I've used the thin-film resist (Doing the laminating myself since it's so much cheaper, especially when you goof things up as much as I do) for many years but it definitely isn't an easy or guaranteed-successful method; part of the problem is that it ages and from what I've heard from the manufacturer it only has a shelf life of around 9 months to a year, though I think that can be extended by keeping it cold in the refrigerator.  This produces an effect where the contrast gets worse and worse and you end up struggling to get a good result since it gets much more difficult to expose it properly and still be able to rinse off unexposed resist without affecting the exposed sections.  Extremely frustrating!  It also doesn't tend to stick to the PCB as well, becoming somewhat brittle and inclined to flake off on thinner traces.

I think the main advantage the cheap, Chinese liquid, brush-on photo-resist has is related to how "fresh" it is, since I've never seen much of a difference from it ageing.
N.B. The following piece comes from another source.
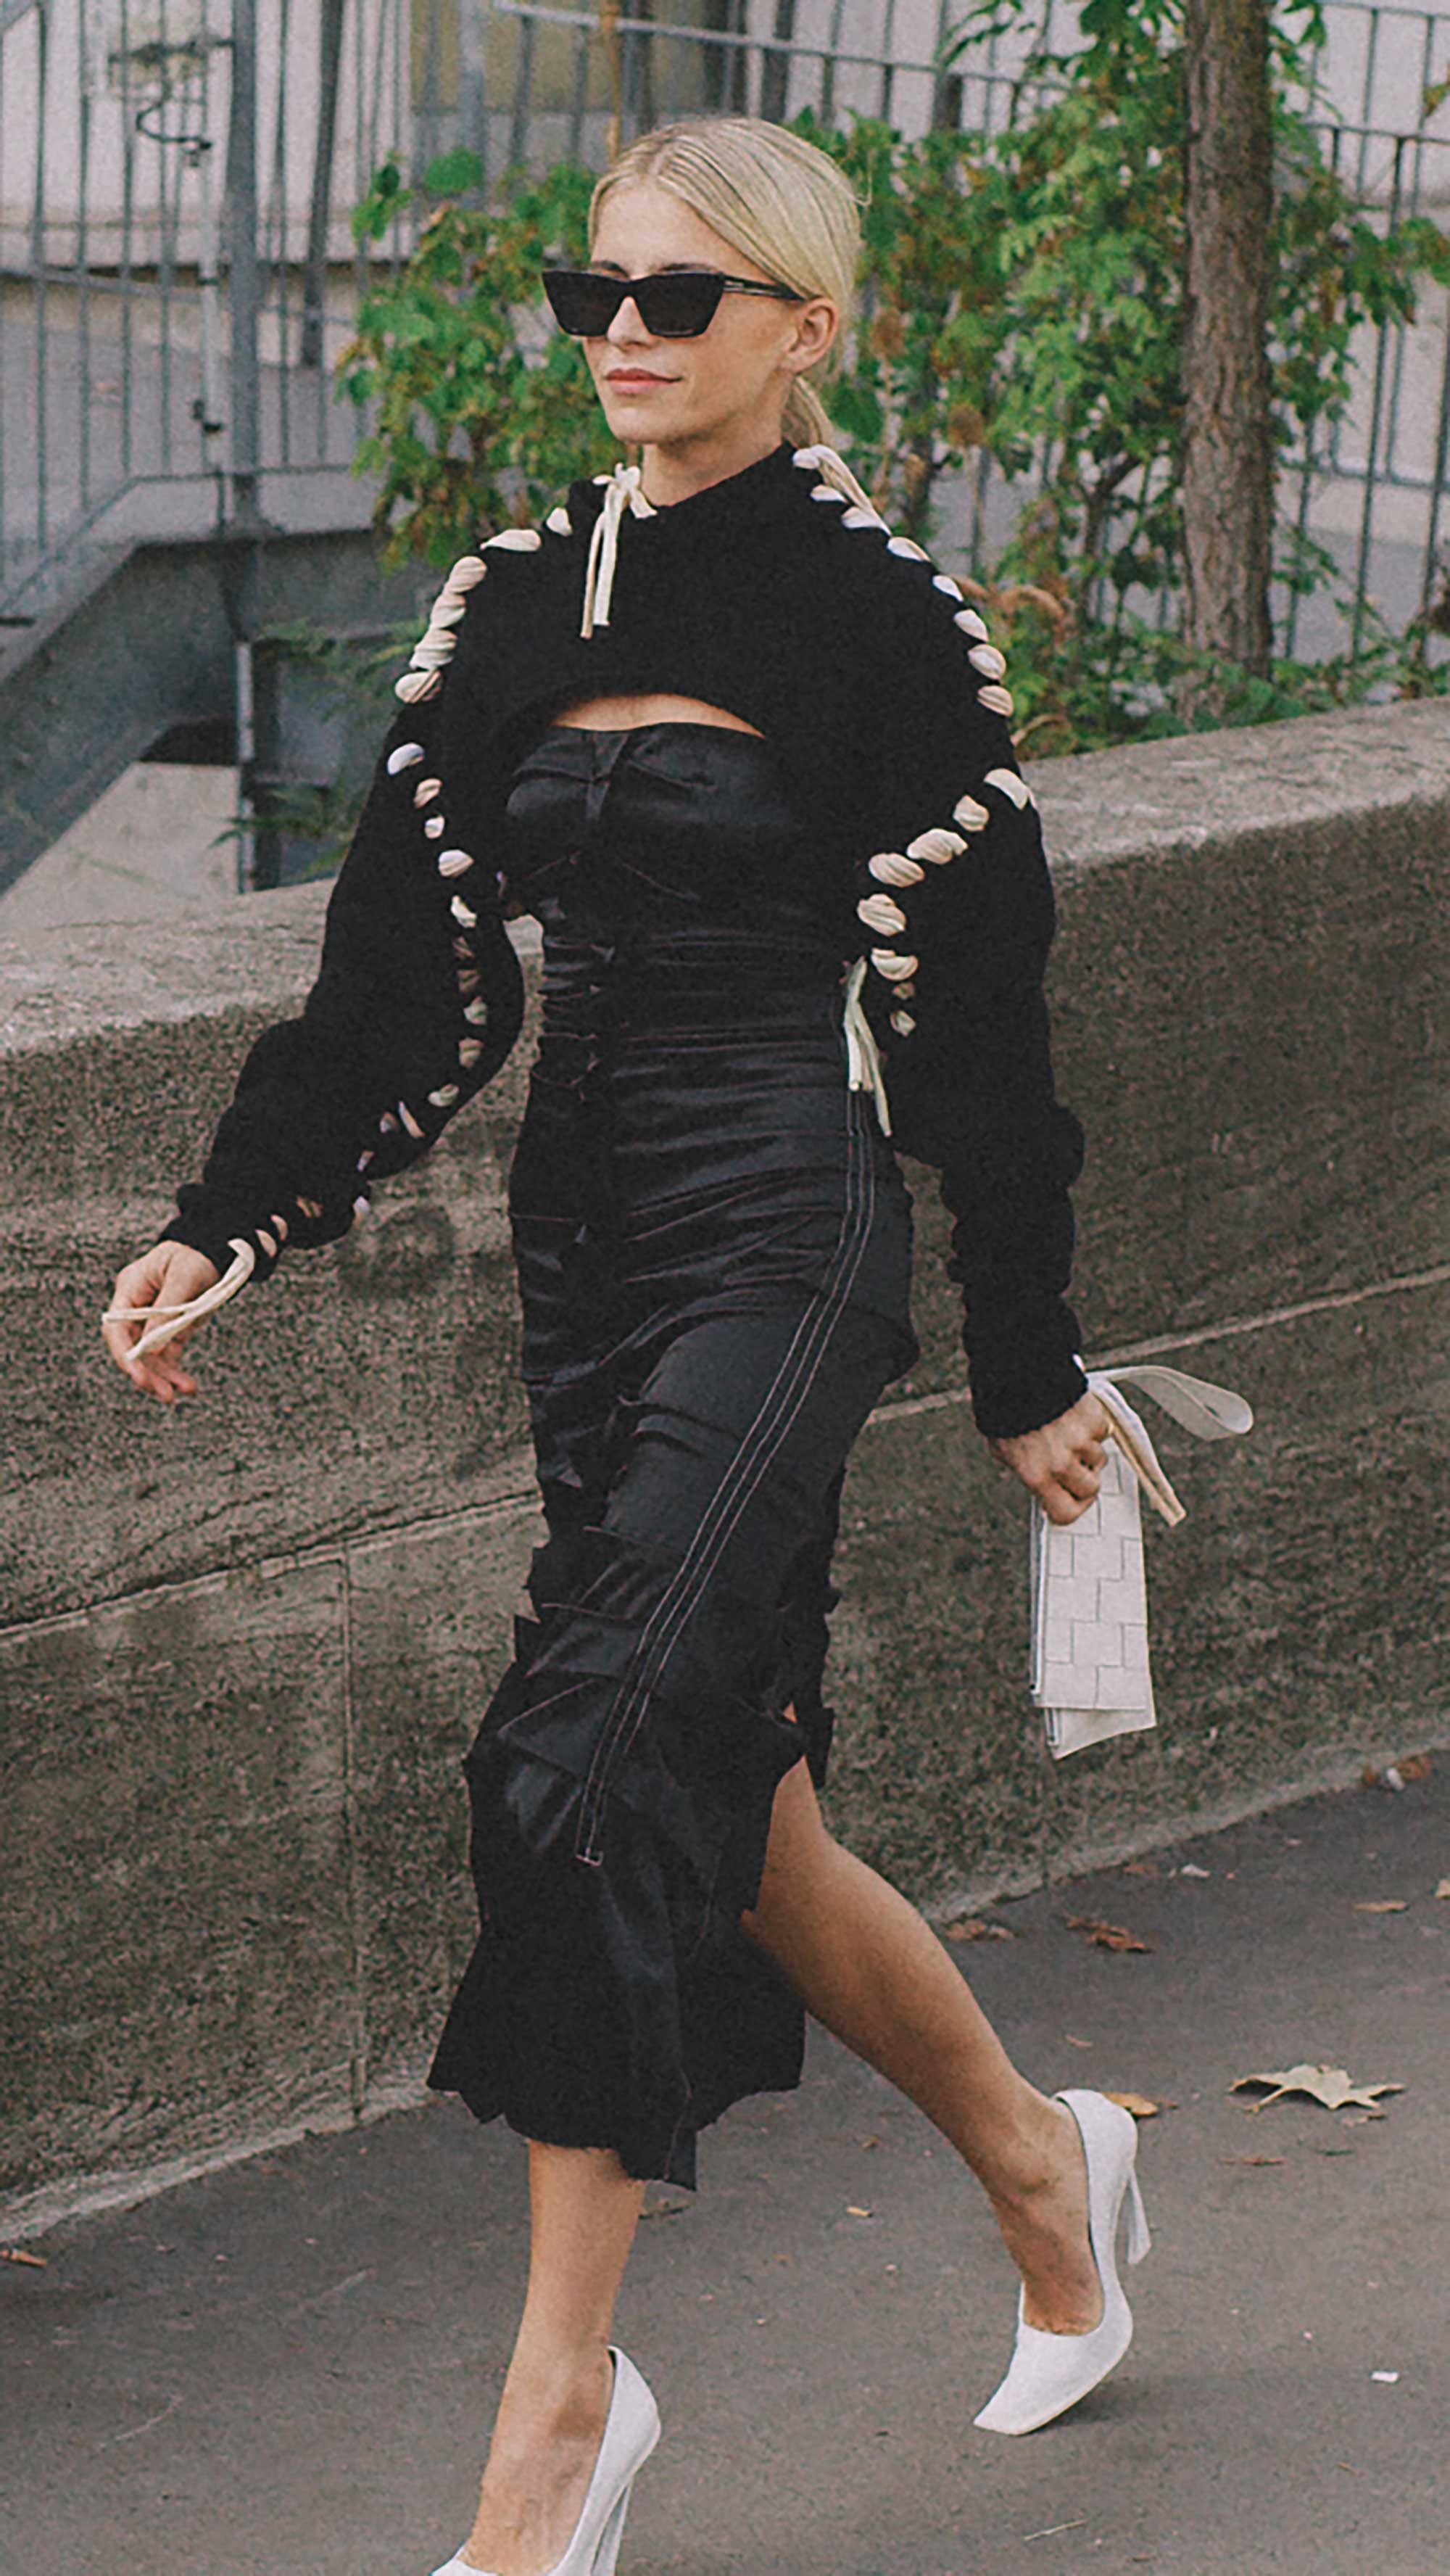 Best outfits of Paris Fashion Week street style 2019 day four PFW SS20 Photo by @J2martinez Jose J. Martinez -12.jpg

It always provides extremely sharp results (Even when the brush strokes on the board from applying the resist are not great).  Another major advantage is that it will adhere very strongly to virtually any PCB surface, even if it's oxidized or scratched, etc.  This is in terrible contrast (ha ha) to dry-film resist which is very temperamental about sticking to less-than-perfect PCB surfaces, and this gets worse and worse as it ages.  Applying dry-film resist in a hobbyist environment is somewhat of a dark art since it's designed to be applied in large, commercial laminators that are very good about applying a precise amount of heat and uniform pressure to a virtually perfect PCB surface, something that can be very difficult to do at home.  Search around for DIY dry-film photoresist lamination and you'll find a large number of opinions on how to do it, ranging from modified budget laminators (Or expensive, semi-pro models) to "wet process" methods that involve spraying the board down and even forgoing heat.

Anyway, this has gotten a lot longer than I intended but the short answer is don't waste your money on UV resins.  Using a laser to expose dry-film or the cheap brush-on resist is probably the best way to go if you want to avoid printing out transparencies to image your boards.  The brush-on resist is also going to be far cheaper than any UV resins, as well as being easy to apply and develop/etch.  Search 301857576850 on eBay for an example of the brush-on resist, I'm not affiliate with any of these products and this is just my opinion.